» **REQUIRED ACTION**
Your task is to copy the lines from the line containing "September 2018 social" through the end of the listing below, both included, without any pictures.

» **DATA PROVIDED**
>>>>

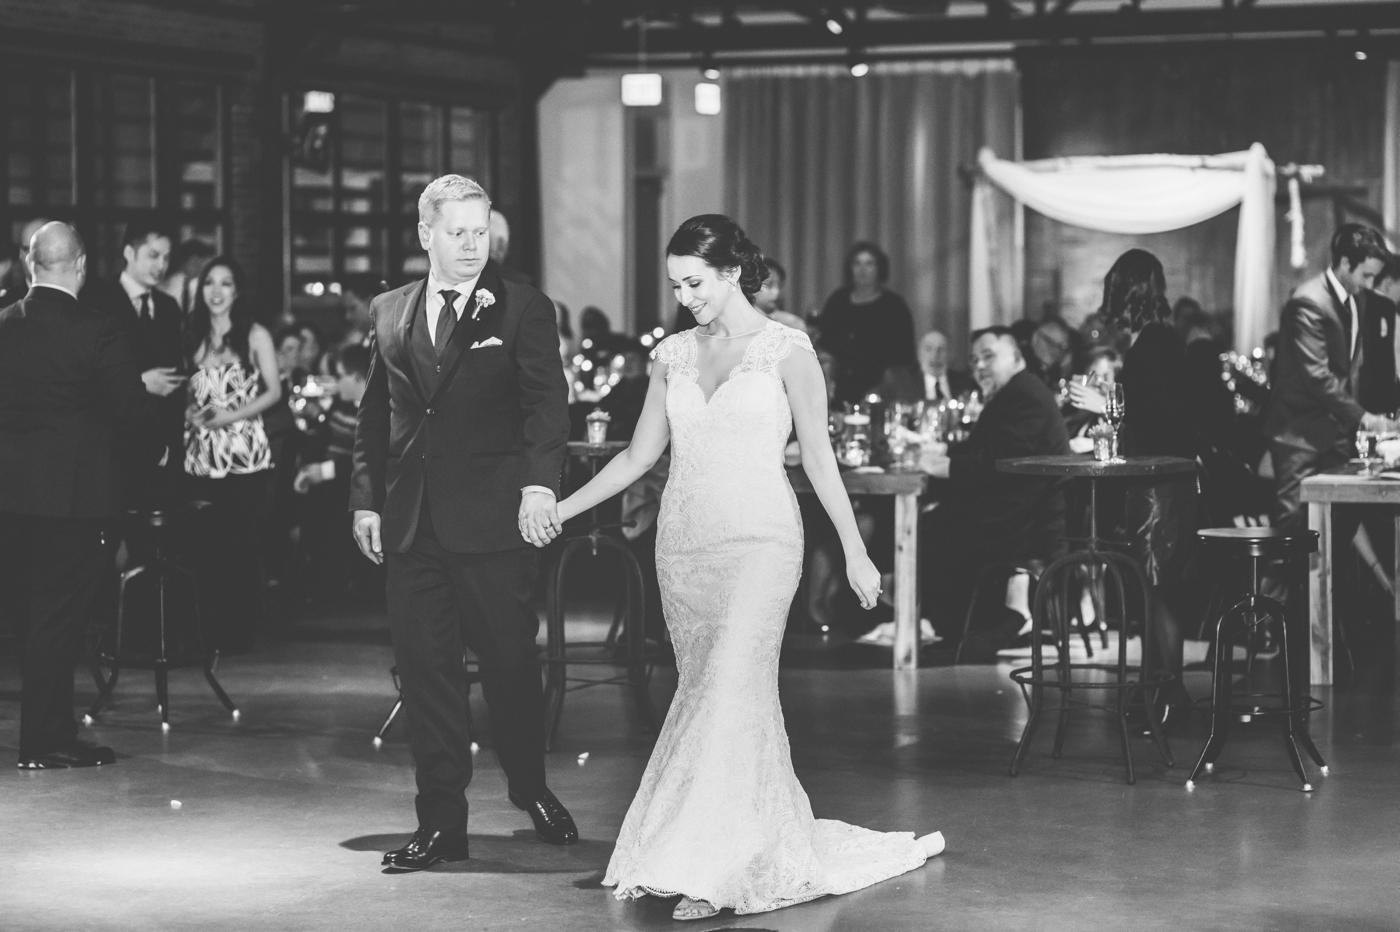 chicago-fine-art-wedding-photography-lintelman46
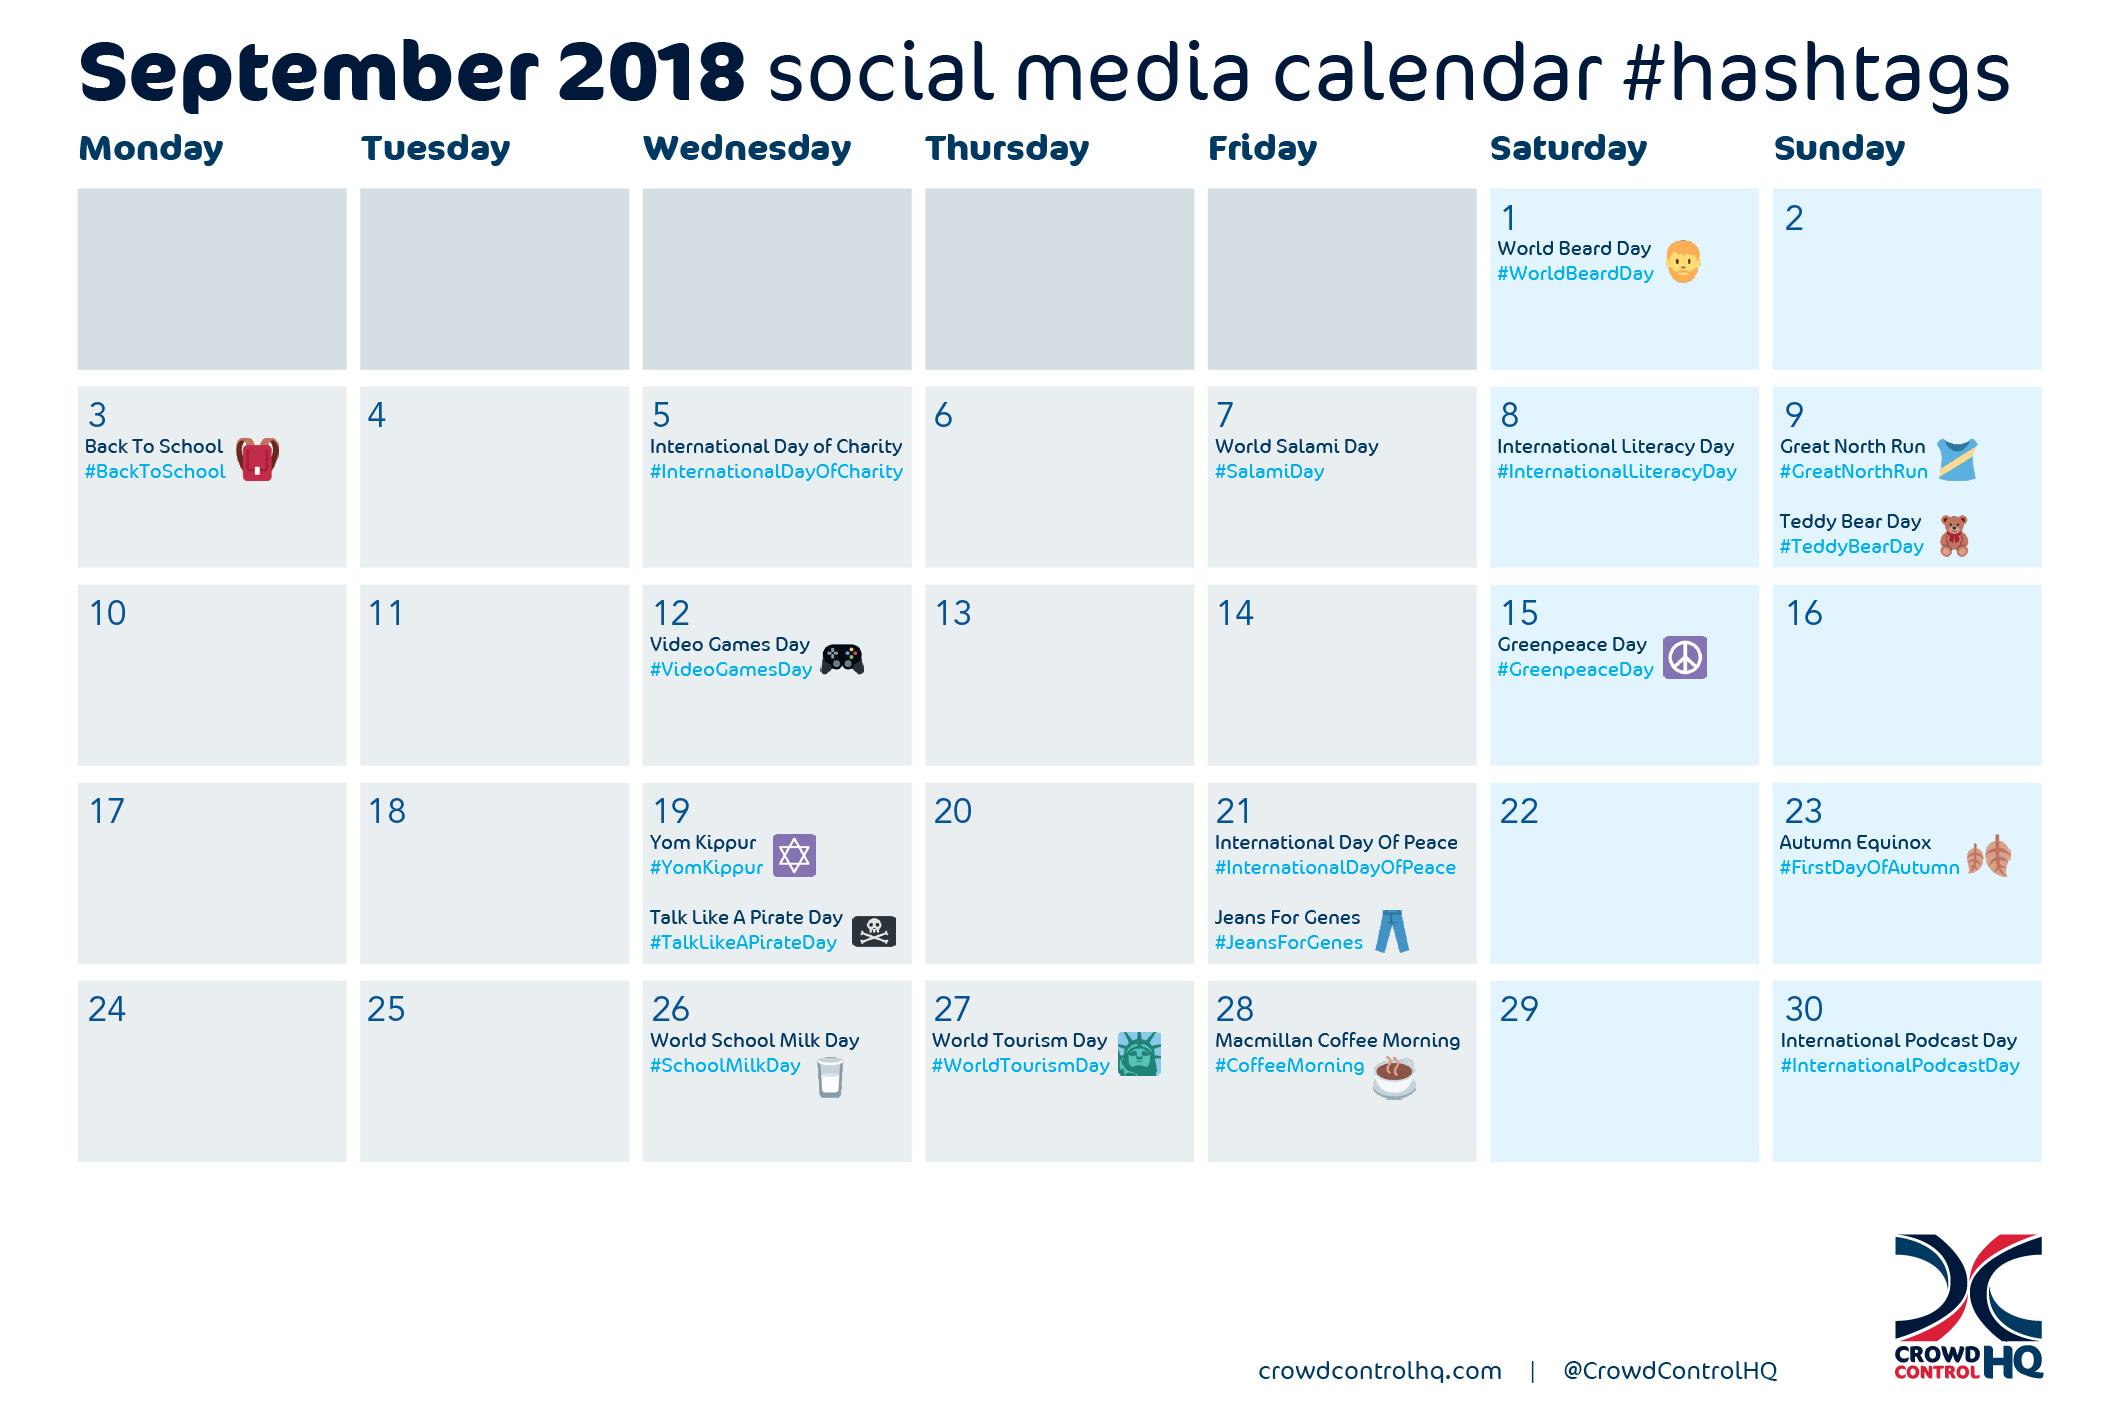 September 2018 social media calendar content & #hashtag ideas
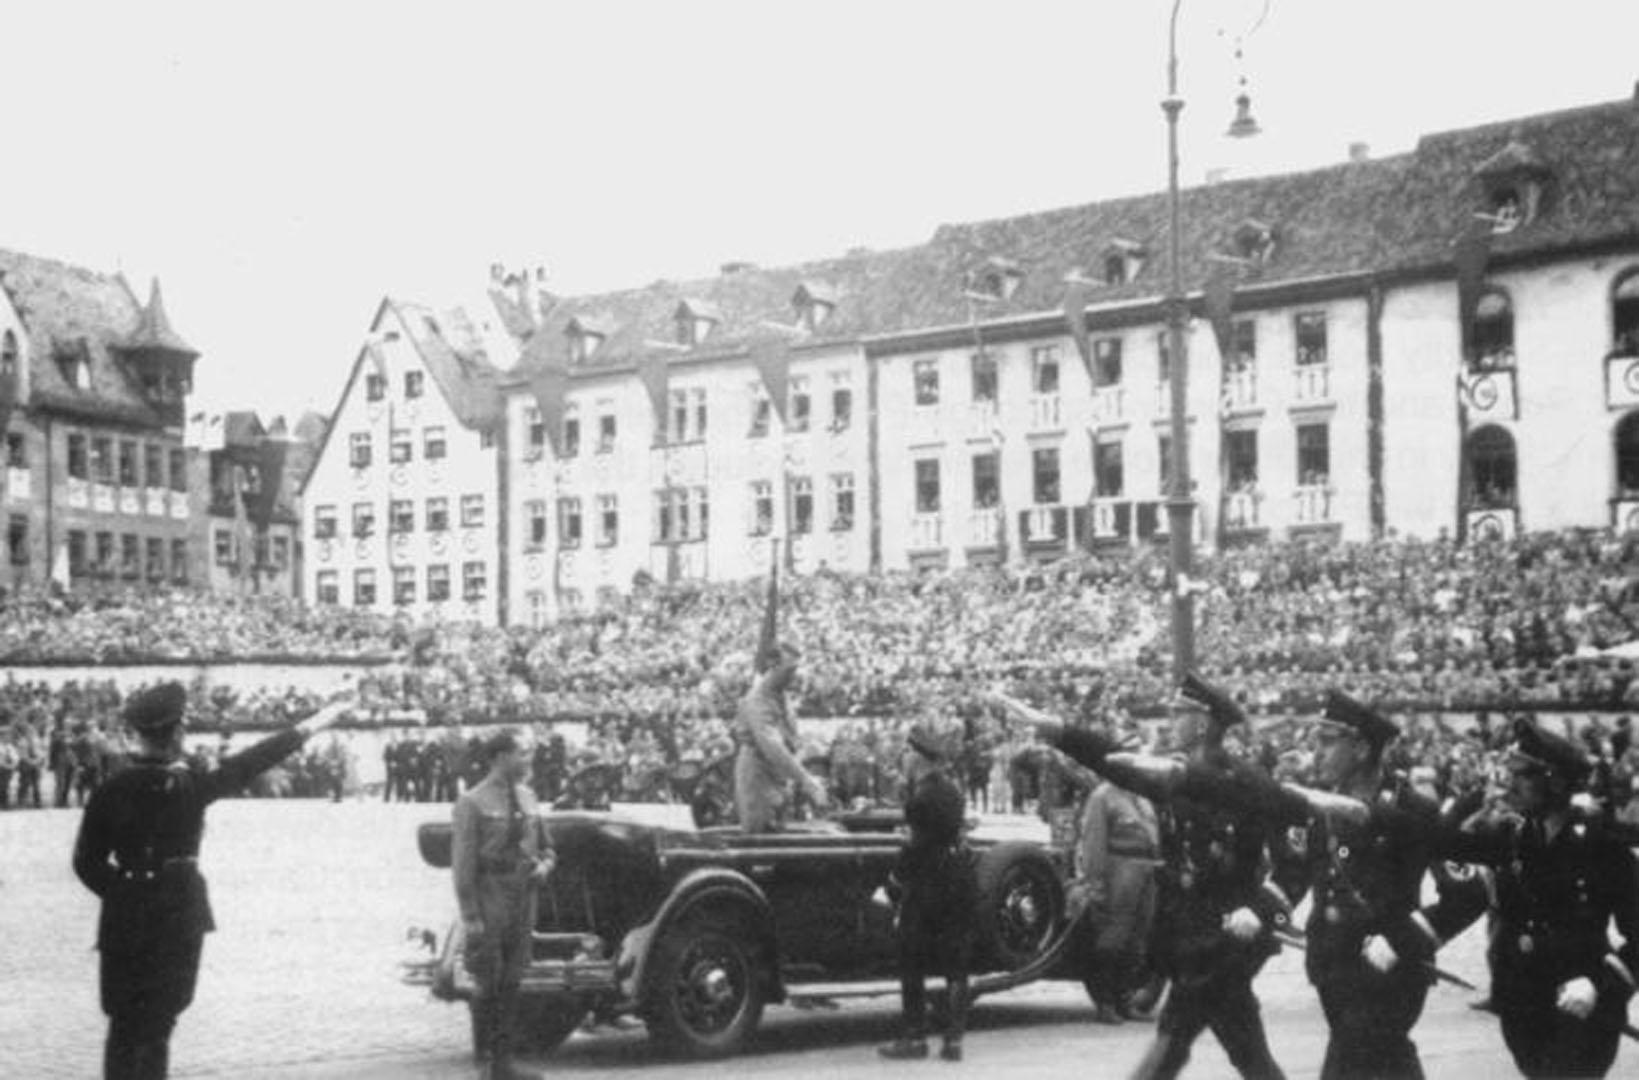 Hitler At Rally In Bavaria

<<<<

» **RESPONSE**
 September 2018 social media calendar content & #hashtag ideas
 Hitler At Rally In Bavaria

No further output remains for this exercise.